Occupy-Wall-Street Bewegung: Der Beginn einer Revolution

Kalle Lasn über seine Occupy-Wall-Street-Bewegung.

Washington. In den USA gilt er als Gründer jener „Occupy-Wall-Street-Bewegung“ (Besetzt die Wall Street), die seit September 2011 US-Metropolen überrollt, auch Europa angesteckt und Diskussionen über die Zukunft des Kapitalismus „Made in the USA“ entfacht hat. Kalle Lasn aber sieht sich anders. „Die Revolution hat keinen Gründer“, sagt der 69-Jährige gegenüber unserer Zeitung. „Wir sind lediglich die Anstifter, wir haben einen Aufstand angezettelt, der seit Jahrzehnten nur eine Frage der Zeit war.“

Begonnen hatte es im Sommer 2011 mit der Fotomontage einer Ballerina, die auf dem Rücken des Wall-Street-Bullen posiert. Das Bild erschien in der von Lasn gegründeten Zeitschrift „Adbusters“, die seit mehr als 20 Jahren gegen die auf Privatkonsum gestützte amerikanische „Wegwerfgesellschaft“ wettert.

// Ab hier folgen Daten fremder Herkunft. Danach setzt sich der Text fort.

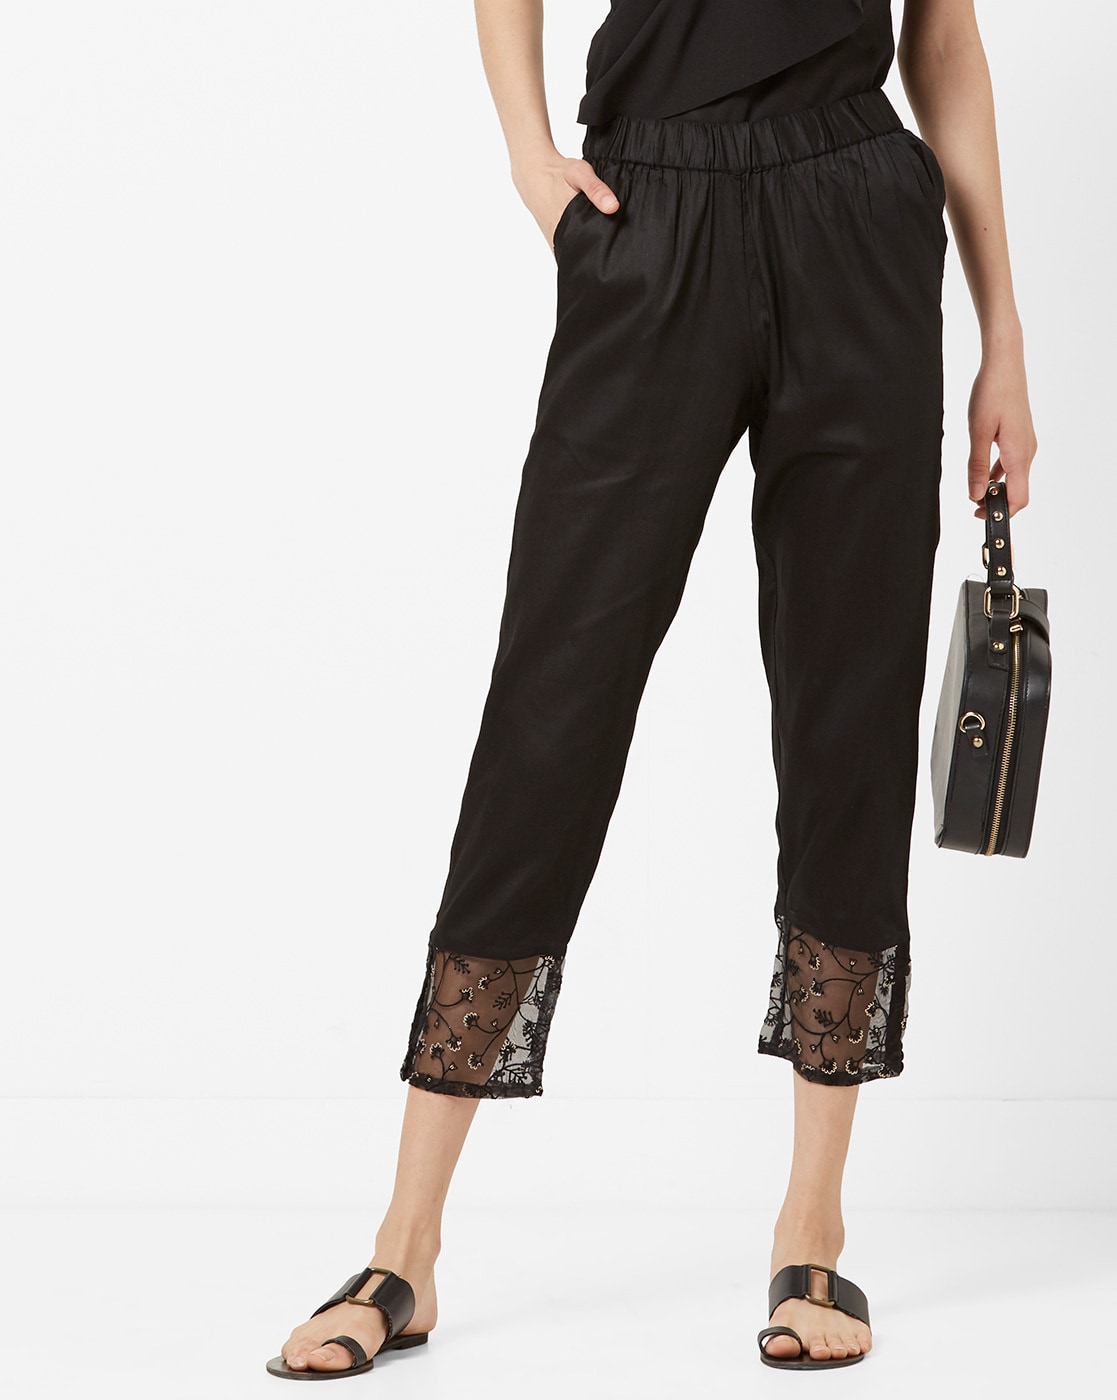 301 - Black Casual Lace Pant For Women - Cigarette pants - Straight Pant

Im September folgte dann der Aufruf, den New Yorker Finanzdistrikt zu besetzen. Danach ging es Schlag auf Schlag. In dutzenden Großstädten in aller Welt, unter anderem in Düsseldorf, Berlin und Frankfurt, schlugen desillusionierte Vertreter der „unteren 99 Prozent“ ihre Zelte auf. Sie demonstrierten gegen die Übermacht der Industrielobbyisten und multinationalen Konzerne.

Obwohl es wieder etwas ruhiger geworden ist und die Polizei versucht, die Proteste zu unterdrücken, ziehen die Demonstranten auch im neuen Jahr wieder durch die Straßen von New York. Lasn wittert jedenfalls den Beginn einer „globalen Revolution“. Der Mathematiker, der nach dem Zweiten Weltkrieg einen Teil seiner Jugend in Deutschland verbrachte und später mit seinen Eltern nach Australien auswanderte, gründete 1989 in Vancouver „Adbusters“. Die Publikation verstand sich von Beginn an als ein „revolutionäres Magazin mit einer revolutionären Agenda“.

Dass es über 20 Jahre dauerte, bis die sozialen Unruhen zur Realität wurden, begründet Lasn mit der schwachen Konjunktur und dem immer tieferen Wohlstandsgefälle. „Die Zeit war reif“, sagt der Herausgeber. Insbesondere junge, gebildete Menschen hätten erkannt, dass „die ökonomische Rechnung nicht mehr aufgeht“. Sie bangen um die Zukunft und die ihrer Kinder.

Für 2012 hat Lasn große Pläne. Occupy Wall Street stehe gerade am Anfang. Das kurzfristige Ziel: Die G20-Staaten müssten sich auf eine Finanztransaktionssteuer verständigen. Das wäre eine solidarische Kampfansage an die Ära des schnellen Geldes, in der am Computer jeden Tag beim Handel mit riskanten Finanzderivaten mehr Geld umgesetzt würde, als weltweit Waren und Dienstleistungen ausgetauscht würden.